For these reasons and others, we believe that a well-trained corps of student community health workers can drive incredible positive change. We look forward to doing exactly that in the months and years ahead.
Aakash Shah is the Founder and Executive Director of Be Jersey Strong, which trains and mobilizes student community health workers to address health-related social needs in communities throughout New Jersey.

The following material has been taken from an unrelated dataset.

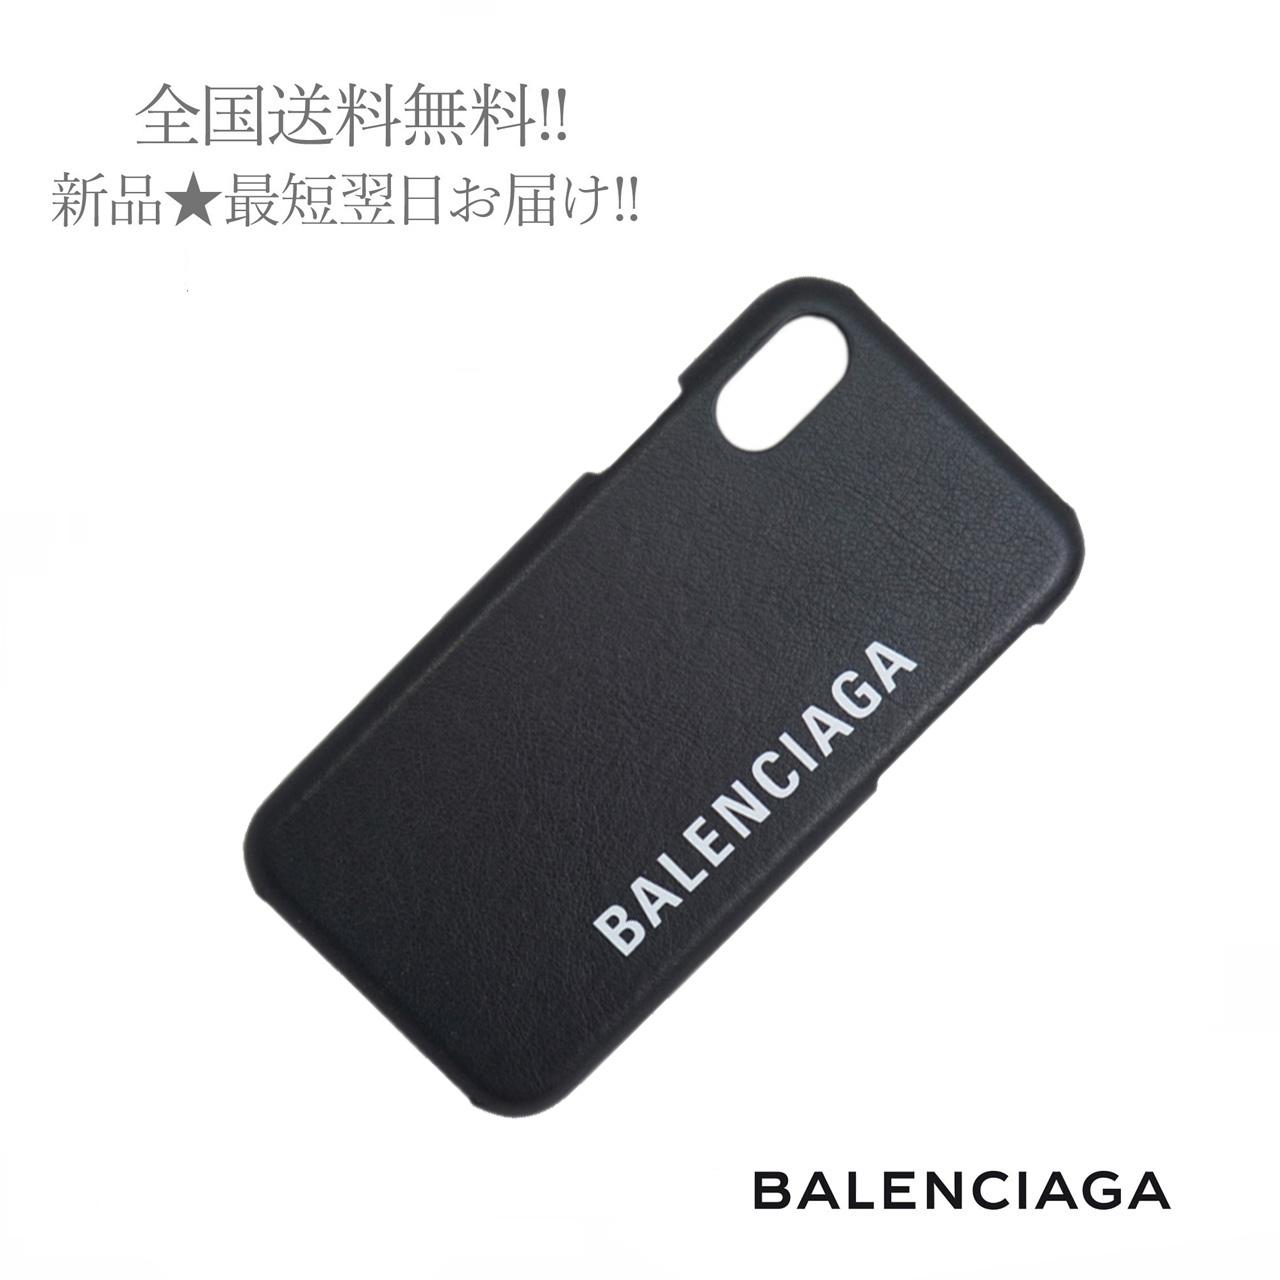 BALENCIAGA 低価格 バレンシアガ ロゴ Iphone 高い素材 X スモアホ ケース アイフォン メンズ ユニセックス レディース兼用 アップル 新品 男 ブラック 女

All of us want to use our talents and make a difference in the lives of others. Sometimes ‘others’ are family or neighbors, sometimes ‘others’ extend to our community or even around the world. In my family’s faith tradition, “neighbor” meant any person.
Personal family health crises heightened my awareness for health insurance. Growing two entrepreneurial businesses I was also well aware of the cost. In the first business, starting in the 70’s we added insurance as we grew. In the second, I took a risk: I was over 50 and needed to cover the young employees, excluding myself, so the company could afford it.
When the ACA passed, I had time, and valued health insurance—having retired at age 67. Becoming a full-time volunteer with Tennessee Health Care Campaign and ACA gave me a gift to participate in a life-changing movement that could use my computer/internet, teaching and organizing skills to make a difference. We developed statewide collaborations, recruiting and training volunteers to understand the new online ACA application, even imagining new web-enabled tools. And, as we reached New Americans, minorities and young “Invincibles”, we listened and empowered new enrollees to share their excitement, encouraging friends to seek local help and enroll.
While enrolling people, we heard stories of life-saving physicals discovering unknown illness, women escaping domestic abuse needing to find insurance, individuals with two part-time jobs who never could afford insurance, pre-existing condition folks who couldn’t get coverage. The ACA is a gift to all of us.
Jackie Shrago is a full-time Volunteer with the Tennessee Health Care Campaign.
The passage of the Affordable Care Act six years ago was the high point of my career as an advocate for low-income people. I didn’t know then that the best was yet to come. With the rest of the health team at the Center on Budget and Policy Priorities, I’ve had the opportunity to help support thousands of enrollment assisters who are working with families across the country to make a real difference in how health reform works.
The health reform law is complicated. It provides financial help for health coverage through a tax credit, and it made changes in longstanding rules used to determine Medicaid eligibility. In 2013, after receiving many questions about how coverage and the tax credit would work, we decided to conduct a webinar on how to calculate a premium tax credit. The response was so overwhelming that we repeated it a second time. Our single webinar grew into an ongoing series, as well as support and materials for enrollment assisters and the volunteer tax preparation community dealing with health reform’s tax provisions.
But it isn’t just the training. Through our relationships with assisters, we have learned about policy issues and the barriers families face, and as a result, we’ve developed and recommended workable solutions to HHS and other agencies. I am proud of the effective partnerships we have established with those working throughout the country and here in D.C. to realize the promise of health reform.
Judith Solomon is a vice president for health policy at the Center on Budget and Policy Priorities in Washington, DC.